An overall theme of the school was love and service to others. This was the theme of The Fellowship meetings that all students attended every night. At these meetings they try to help new members. This was as much a part of their education as the regular school hours.
With this curriculum in place, the next problem was how to group the students. Frank Brown, the author of The Non-graded High School and at one time a member of the President's Panel on Research and Education, summed up his thoughts on the class or graded school by saying, "Nothing is so unequal as the equal treatment of unequals." Brown's point is well taken; it is wrong to group people together in the same grade because of their age. In his book he offers the non-graded school as "a place which makes arrangements for the individual student to pursue any course in which he is interested, and has the ability to achieve, without regard either to grade level or sequence." The grade-less school is not an esoteric organization. It is easily implemented and allows education to become the self-discovery it should be.
After learning the basics in mathematics and reading we must allow these handicapped students to uncover their dreams and to discover what they can and can not do. These students, more so than any others, need to learn for the sake of understanding, not for their parent's approval or for a grade, but because they want to. Although this school is somewhat unconventional, we observed that these students enjoyed school. In the past they would have dropped out of school and/or continued using drugs. Nothing was set in stone except our sincere desire to help our students.
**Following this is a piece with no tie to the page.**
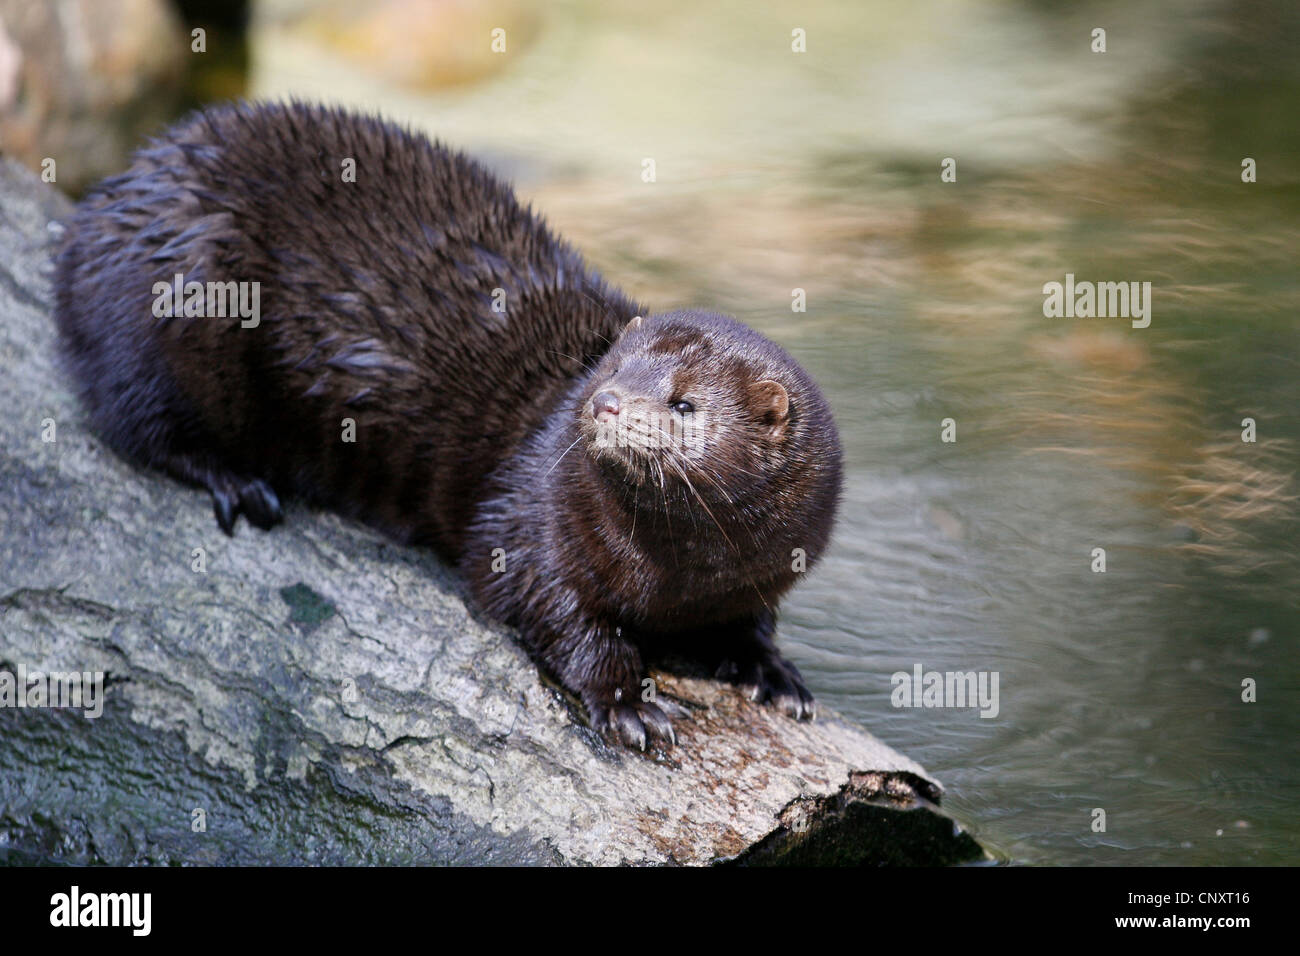 American mink (Mustela vison), sitting on a log at a riverside, Germany Stock Photo

The school was located in the same building as the Hagaman Guest House, where the Baldwin Program is offered. The house affords the school the use of two large adjoining rooms for classrooms. One room was a lounge with couches and was used for reading. It also had a large conference table which was used for group discussion and teaching. The other room had the students' desks and computers. This room was used by the students to do their independent assignments. The students lived at the guest house. Besides school and The Fellowship meetings, the students were responsible for two hours of work around the guest house each day which included cleaning the house, cooking meals, doing dishes, and general repair work like plumbing and electrical work. These chores promoted responsibility, work ethic, and some useful skills.
The pilot project for the school was started on November 28, 1994. One of the program youngsters, a 14 year old, was attending the local public school while living at the Hagaman Guest House and was coming home in tears everyday (MS-36). Another was already on home schooling at the guest house (JP-70). A volunteer of the Baldwin Research Institute was sponsoring a 15-year-old in Alcoholics Anonymous. This 15-year-old had spent 10 months in a therapeutic community then returned home and public school (J). Although he was sober, he was getting in trouble at school and was preparing to drop out. The fourth student, a 15 year old, was attending public school and exhibiting severe behavioral problems. She was spending time with older guys and would frequently leave home for two or three days at a time (EB-62).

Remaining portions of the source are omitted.